“Space is big. You just won’t believe how vastly, hugely, mind- bogglingly big it is. I mean, you may think it’s a long way down the road to the drug store, but that’s just peanuts to space.” – Douglas Adams.Of course, looking at things like this can certainly make you feel small and insignificant if you aren't prepared for the grandeur of the universe. On the other hand, this is something that should be incredibly awe inspiring. As a matter of fact, it reminds me of another quote, this time by Carl Sagan:
In some respects, science has far surpassed religion in delivering awe. How is it that hardly any major religion has looked at science and concluded, "This is better than we thought! The Universe is much bigger than our prophets said, grander, more subtle, more elegant. God must be even greater than we dreamed"? Instead they say, "No, no, no! My god is a little god, and I want him to stay that way." A religion old or new, that stressed the magnificence of the universe as revealed by modern science, might be able to draw forth reserves of reverence and awe hardly tapped by the conventional faiths. - Carl SaganAnyway, on to Dr,. Plait's excellent post and beautiful pictures. And please, click through to his post, I cut off before some really mind blowing pictures that were taken out of the main one. You'll see what I mean!
I mean, really big. Big everything for anything. Literally, big enough for everything. Everything you see, everywhere you go, it’s all inside. And there’s room for all of it, with space to spare. I get used to it sometimes, and then, suddenly, I’m thrown into a state where I’m forced to remember just how much of the Universe there is.
Let me show you something:
[Click to galactinate, and while it may take a little while to download the entire 3500 x 2000 pixel image, it will definitely be worth your time.]
This is the nearby spiral galaxy NGC 1345 as seen by Hubble. Lovely, isn’t it? You wouldn’t even think it’s a spiral at first; the arms are so faint compared to the sprawling core and inner regions. But it so happens the galaxy is close to our own, making fainter parts easier to observe.
Now there you go. Did you see that? What I said? "The nearby spiral…". "The galaxy is close to our own…". But it isn’t.

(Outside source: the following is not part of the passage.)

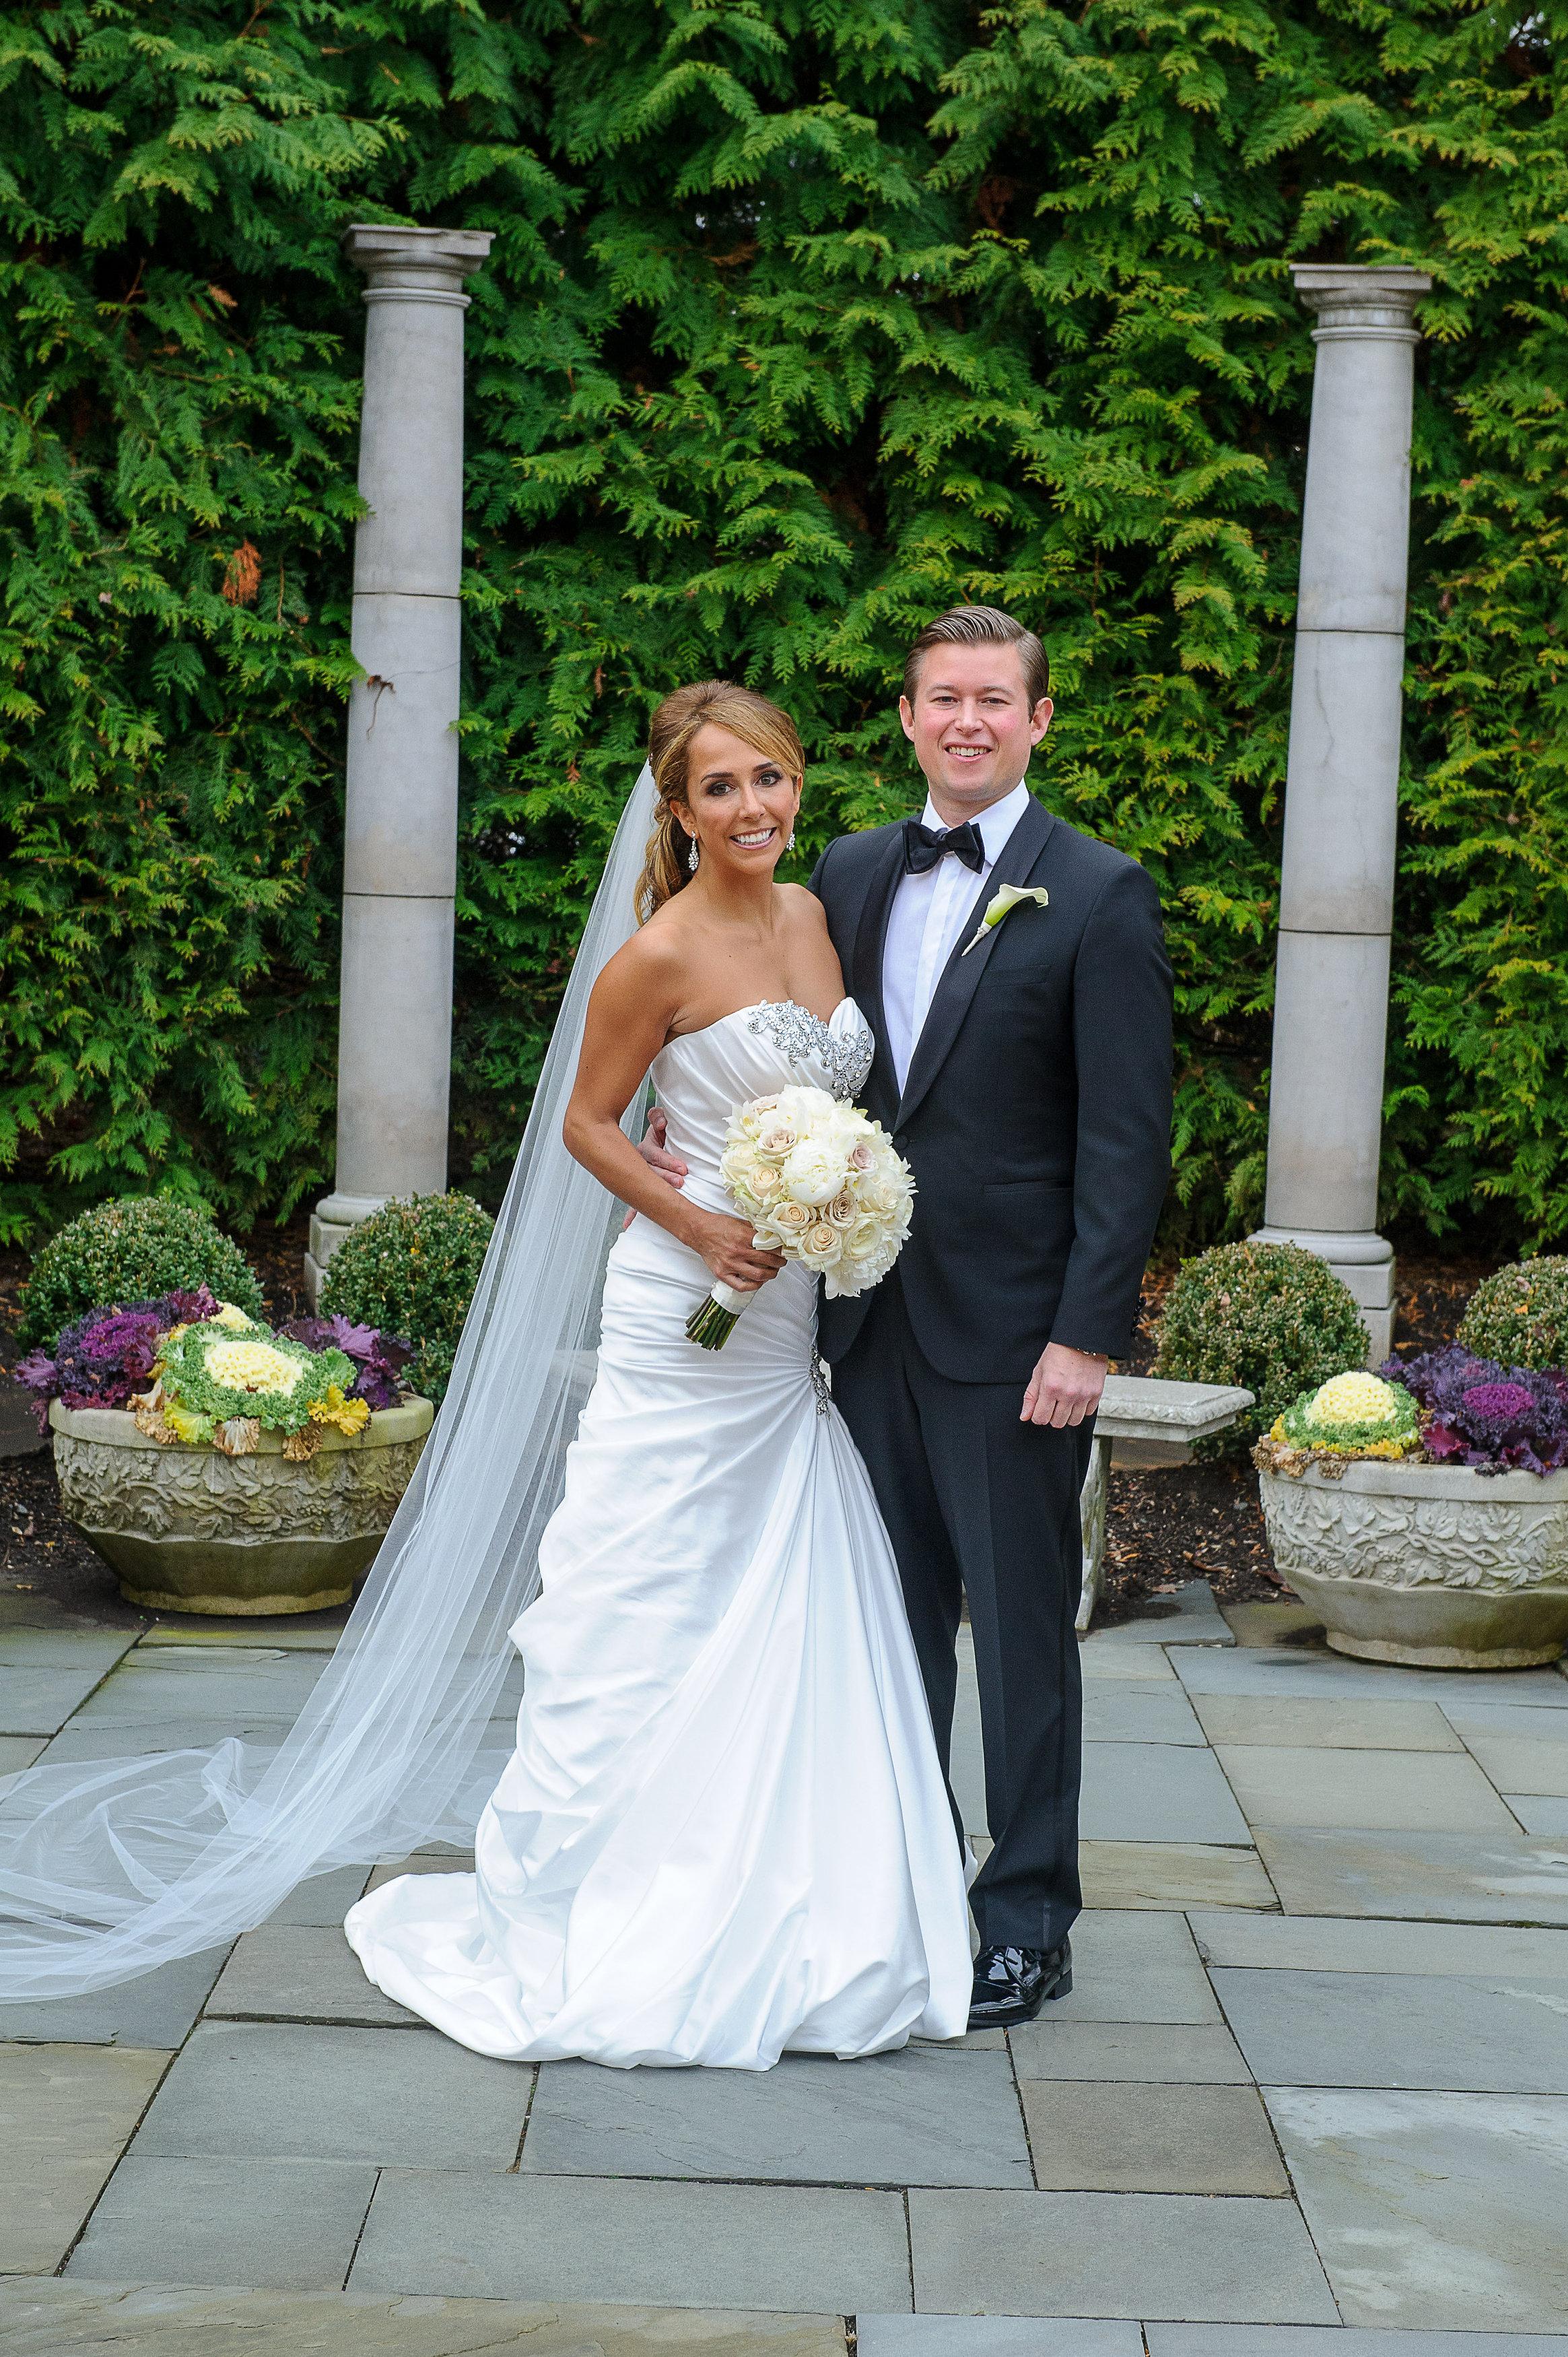 Ceci_New_York_Custom_Invitation_ New_Jersey_Wedding_Luxury_Personalized_Ceci_Style_Bride_Foil_Stamping94.JPG

Look. Let your eyes move to the top of the galaxy, just to the right of center. See that bright star? You can tell it’s a star because it has those spikes going through it, an artifact of how point sources are seen by some of the Hubble cameras. Given how bright it is, that star is almost certainly in our own galaxy, and not some luminous giant in NGC 1345; it’s just coincidentally superposed on the more distant galaxy. That means it’s no more than a few thousand light years away, and given its deep red color, that means it’s most likely a very cool and faint red dwarf, and therefore in all likelihood much closer even than that.
But even if it’s only a thousand light years away, that’s 10 quadrillion kilometers! That distance is impossible to imagine: it’s more than 60 million times farther away than the Sun… and the Sun is hardly close. If you could fly an airplane to the Sun, it would take 20 years. Twenty years! And that star is millions of times farther away.
… and that star is the closest thing in that picture. I said NGC 1345 is nearby, and on a cosmic scale it is; it’s part of a small cluster of galaxies a mere 85 million light years away: 850 quintillion kilometers. That’s 850,000,000,000,000,000,000 kilometers.